======== PROVIDED MATERIAL ========
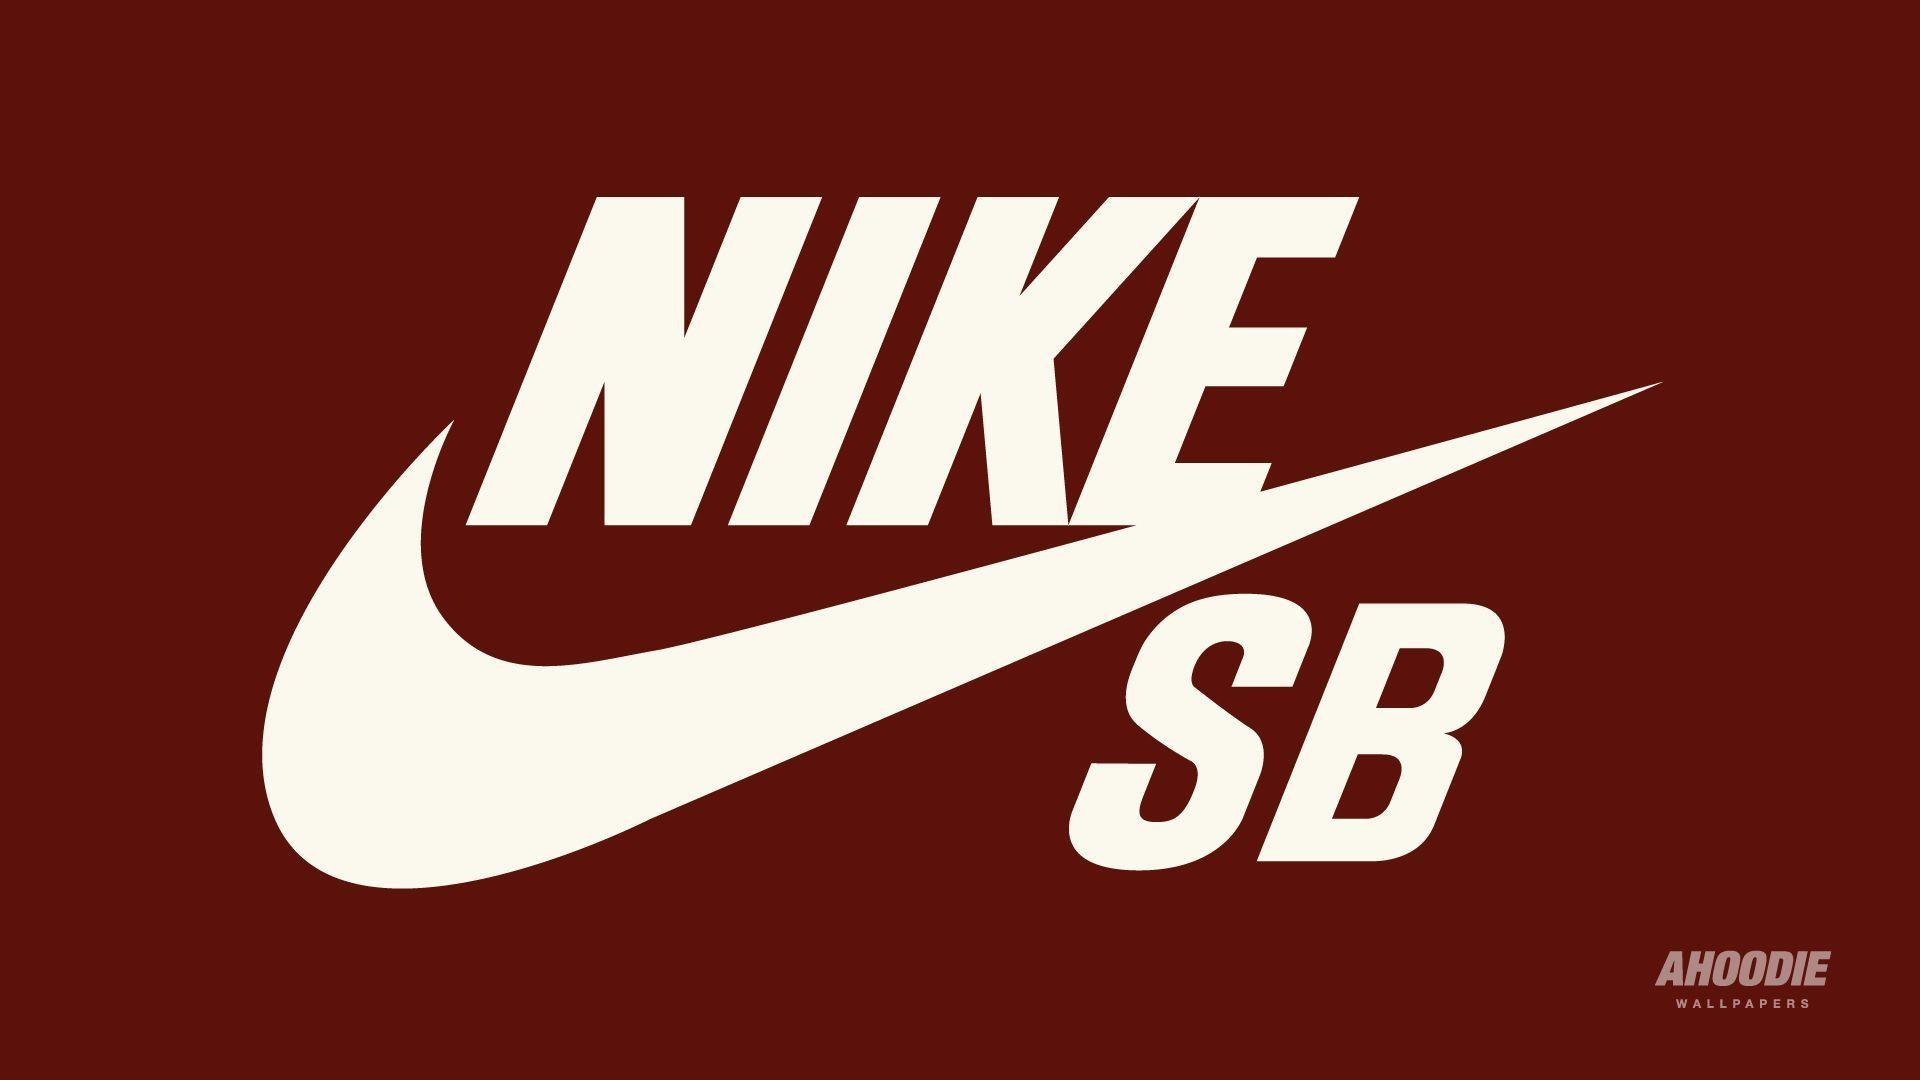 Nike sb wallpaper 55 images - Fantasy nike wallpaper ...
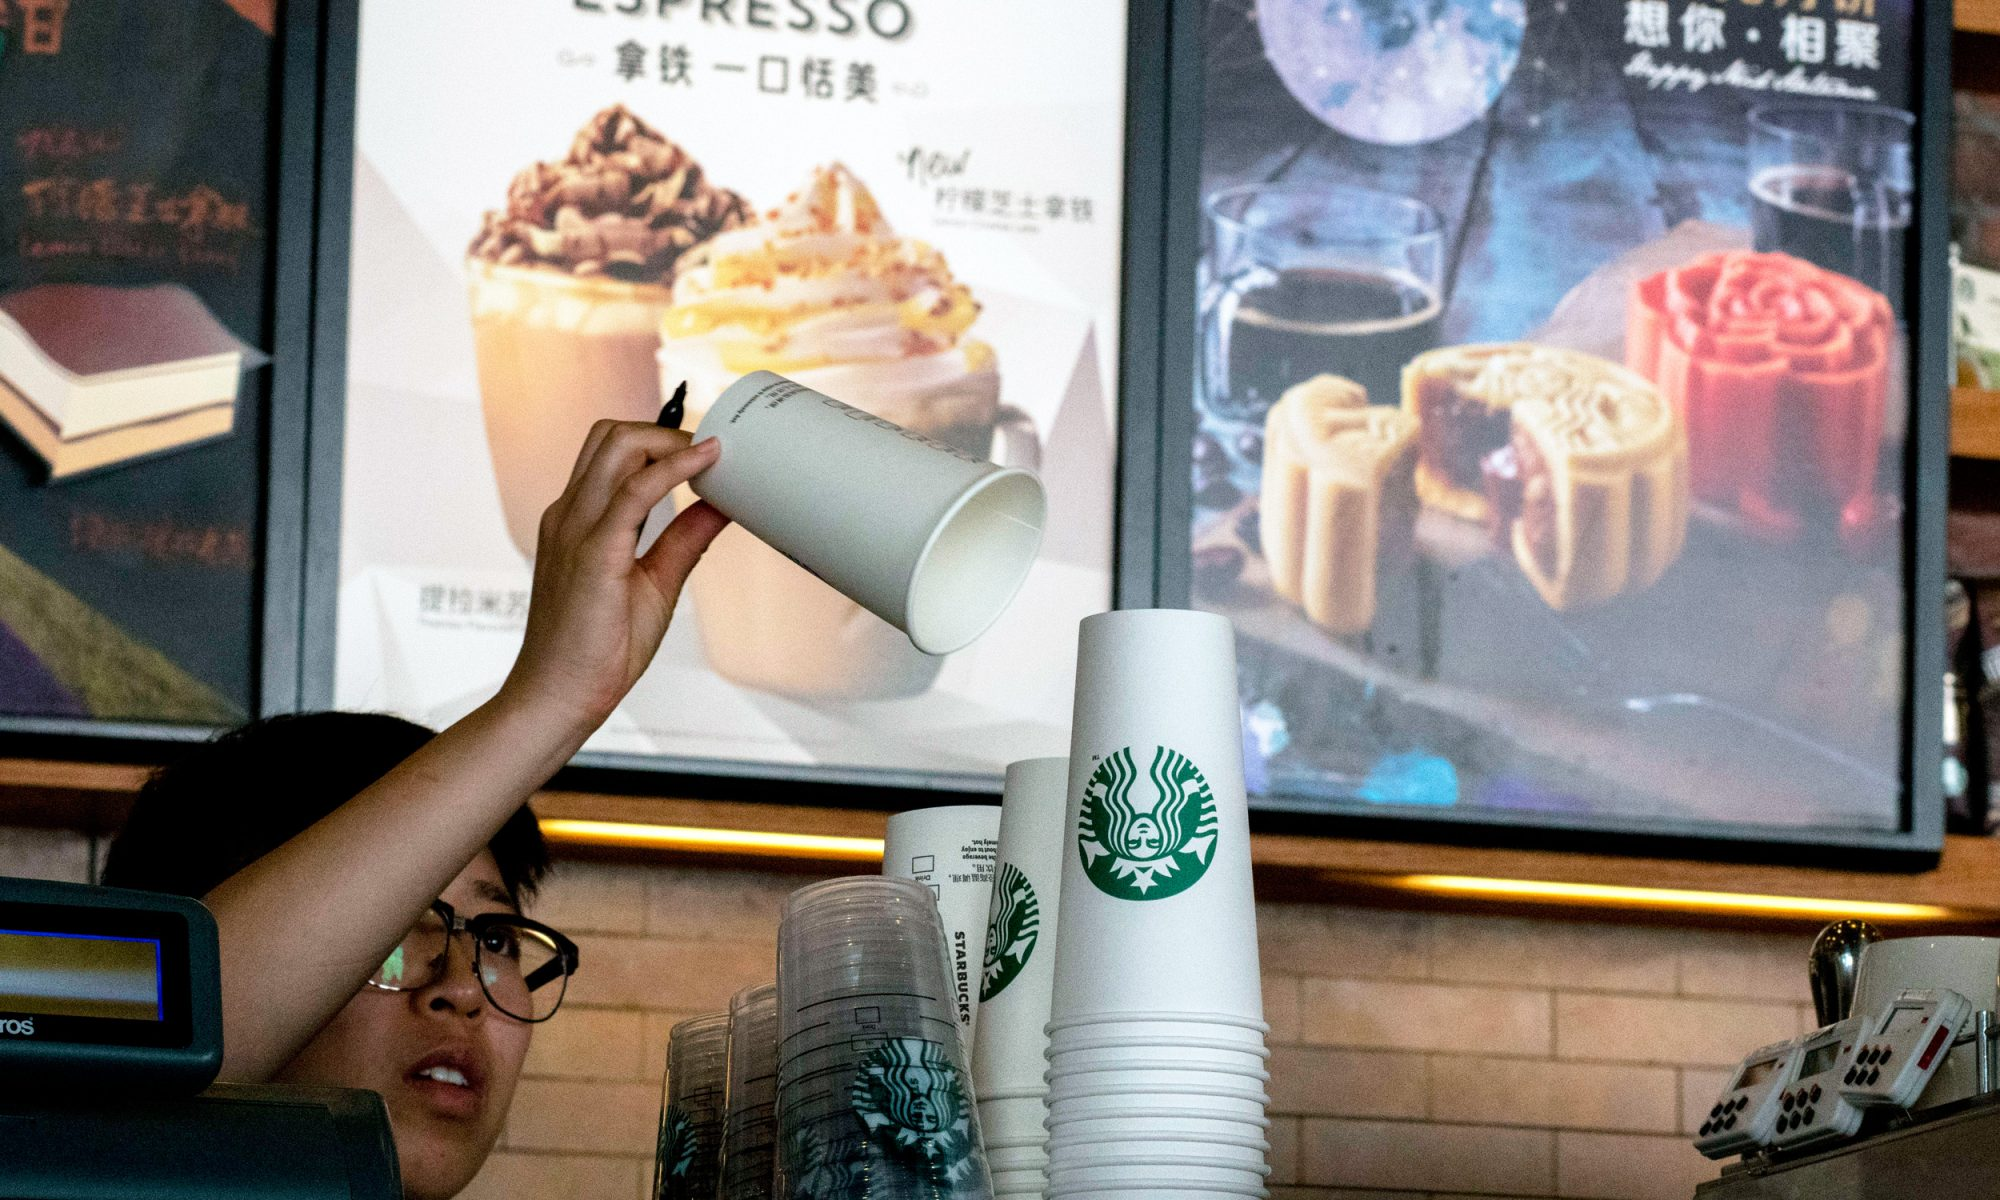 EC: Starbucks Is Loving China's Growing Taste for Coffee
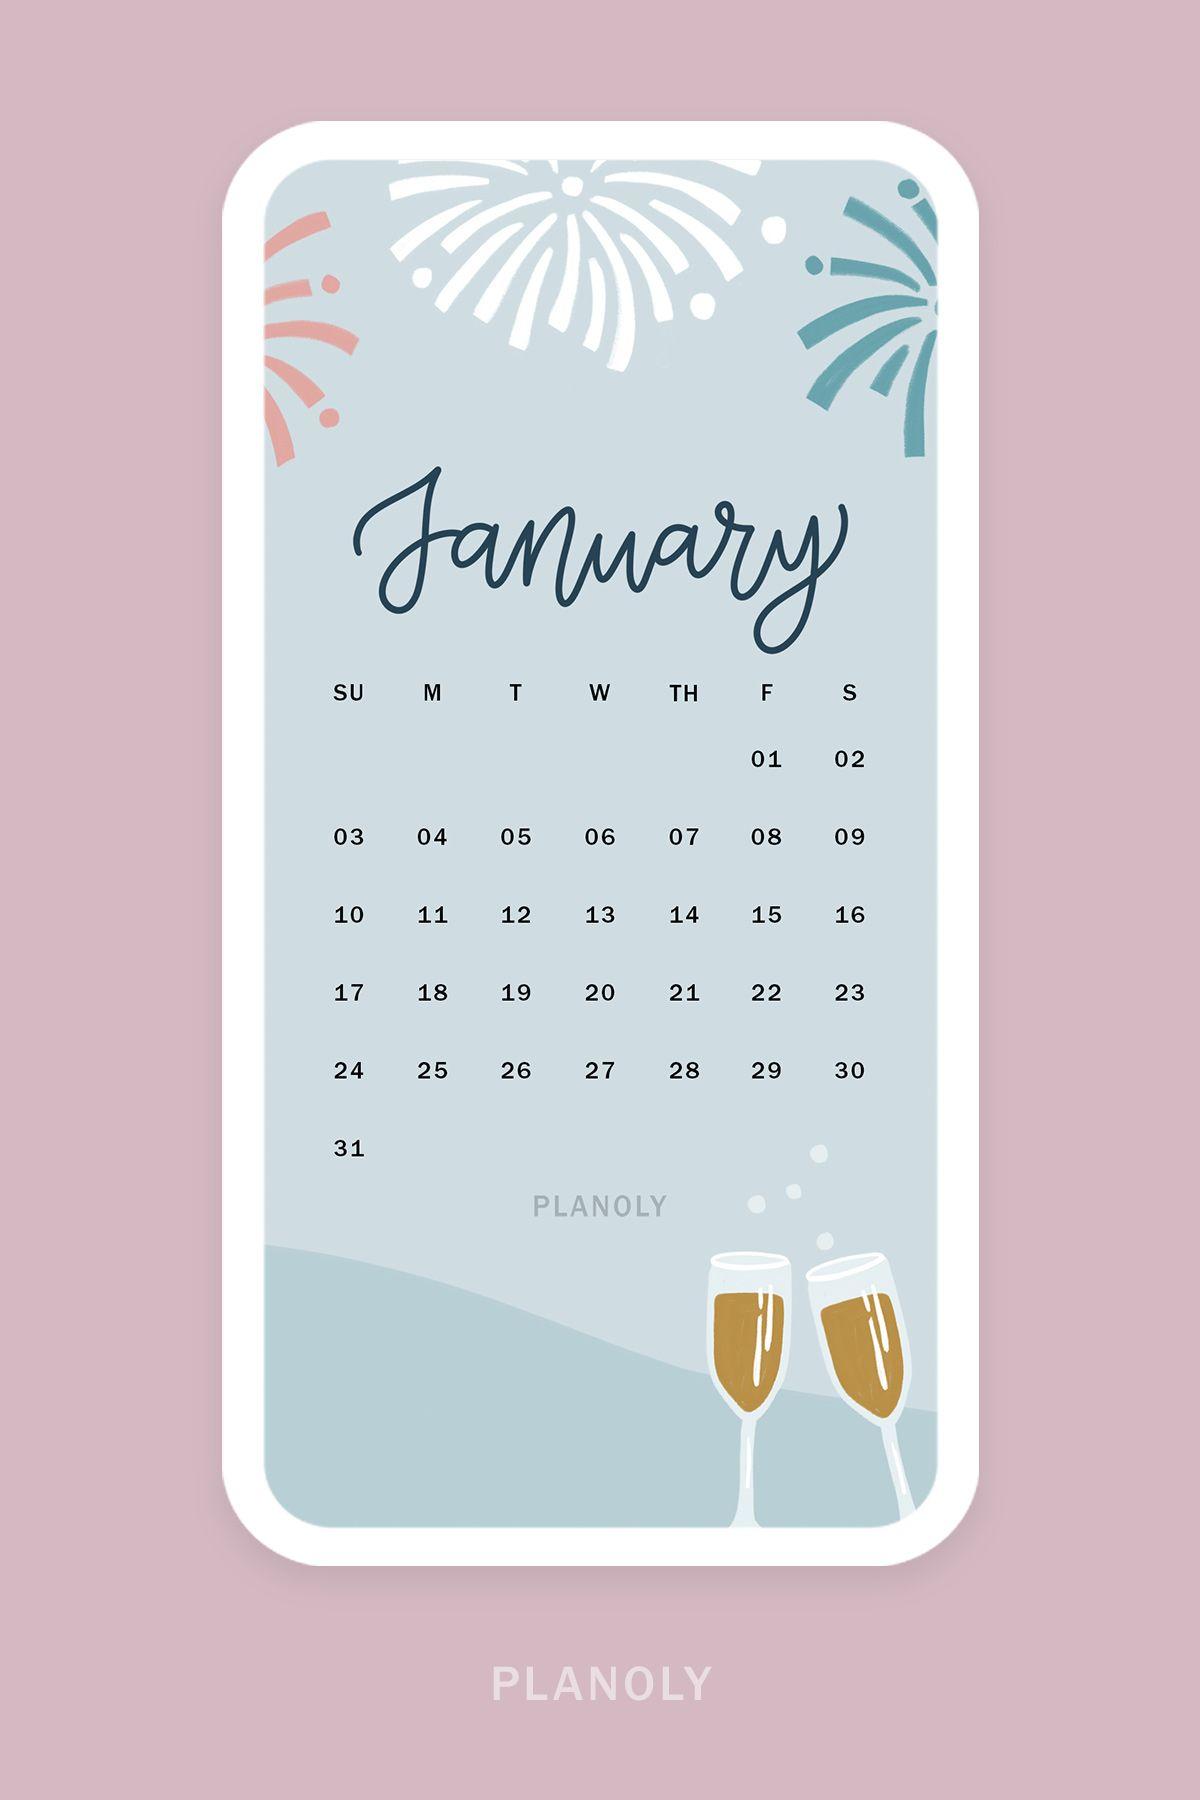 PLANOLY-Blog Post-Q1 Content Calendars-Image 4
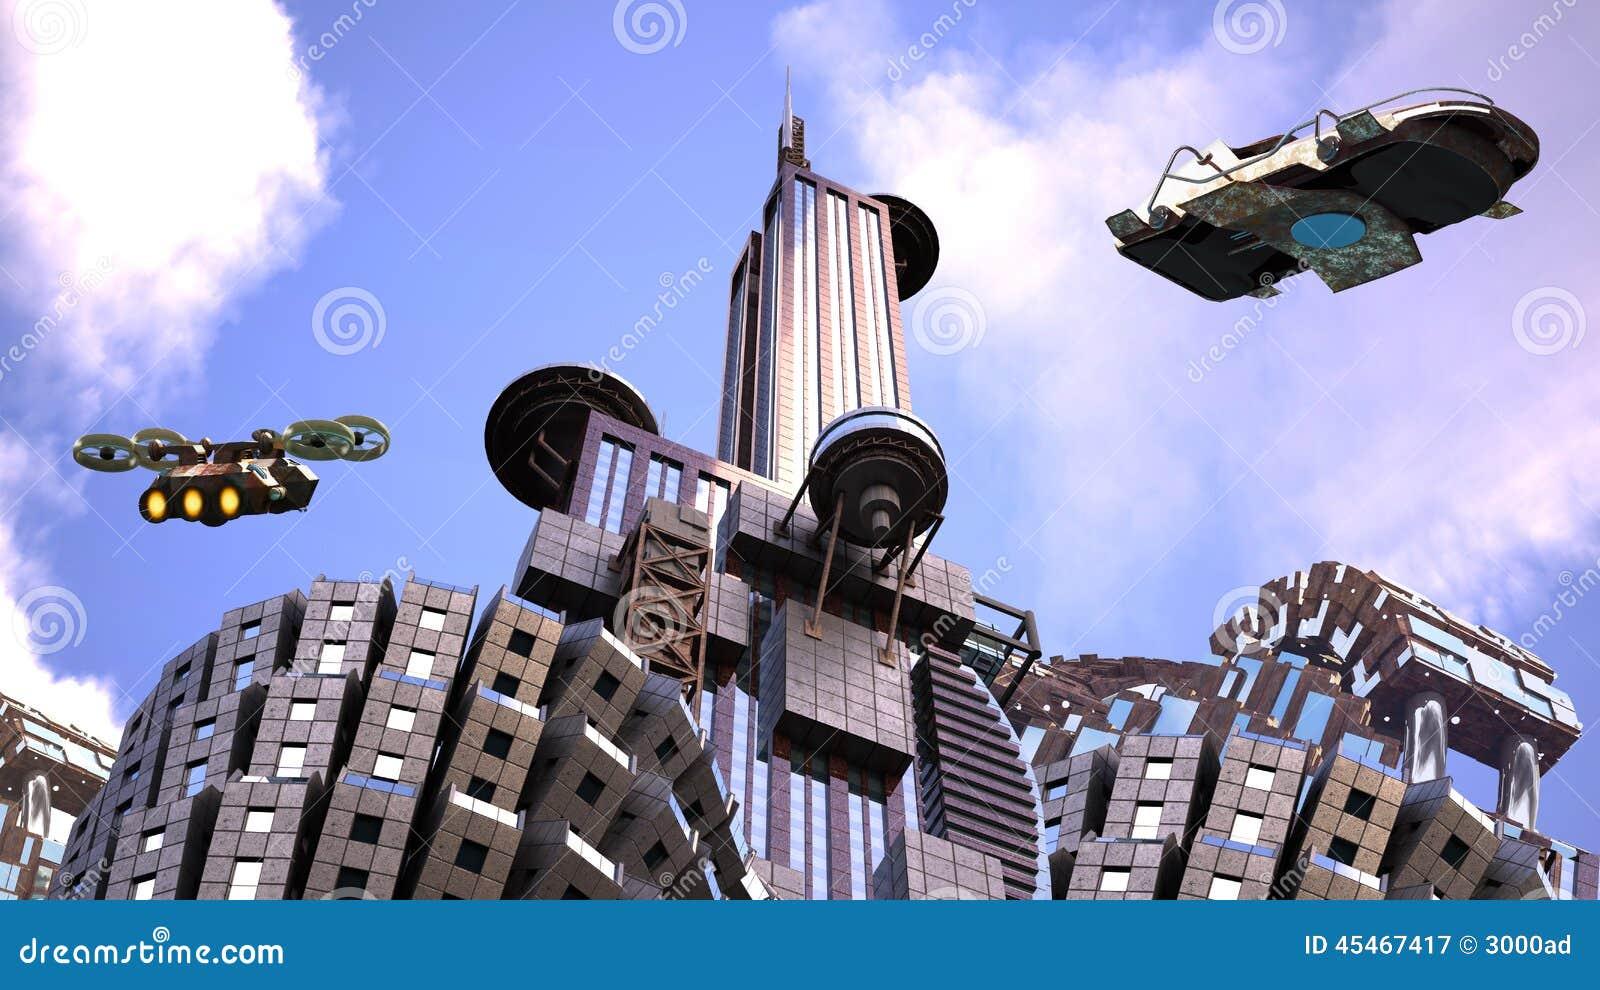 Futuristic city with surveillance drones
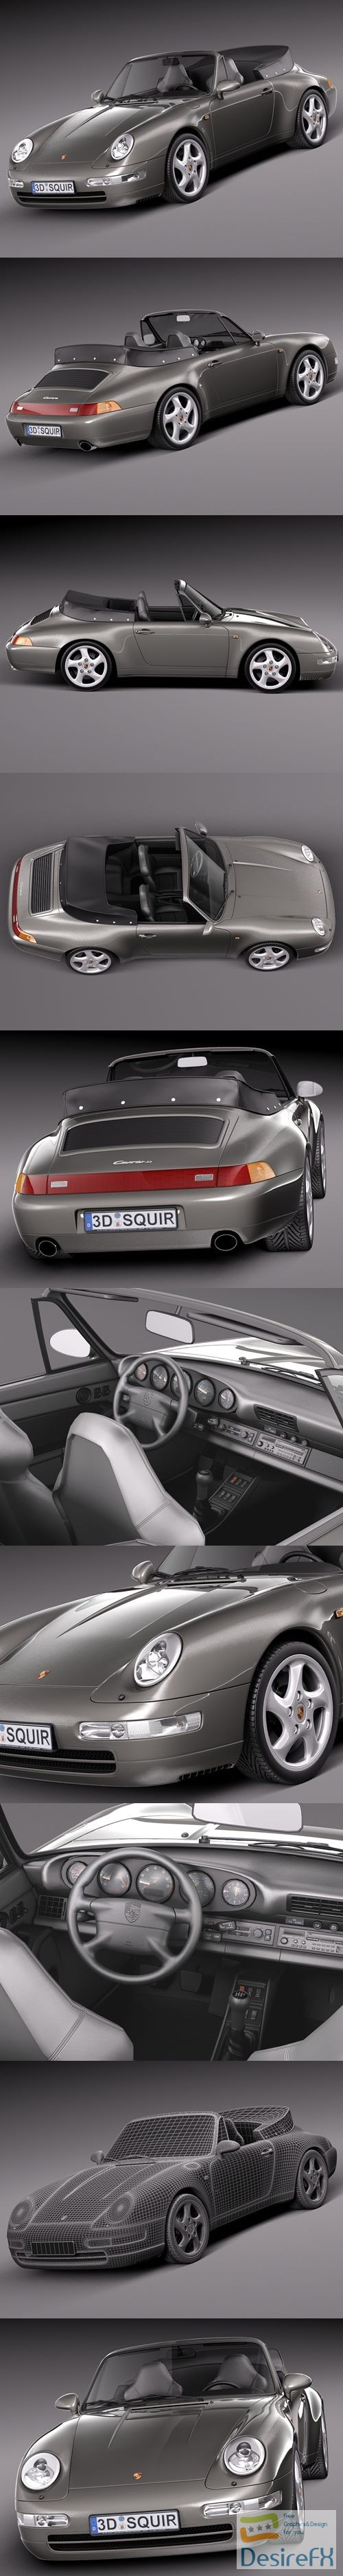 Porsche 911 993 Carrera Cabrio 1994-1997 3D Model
========
BRIEF
Repeat the data word for word, excluding any image.

YOUR SOLUTION
 Nike sb wallpaper 55 images - Fantasy nike wallpaper ...
 EC: Starbucks Is Loving China's Growing Taste for Coffee
 PLANOLY-Blog Post-Q1 Content Calendars-Image 4
 Futuristic city with surveillance drones
 Porsche 911 993 Carrera Cabrio 1994-1997 3D Model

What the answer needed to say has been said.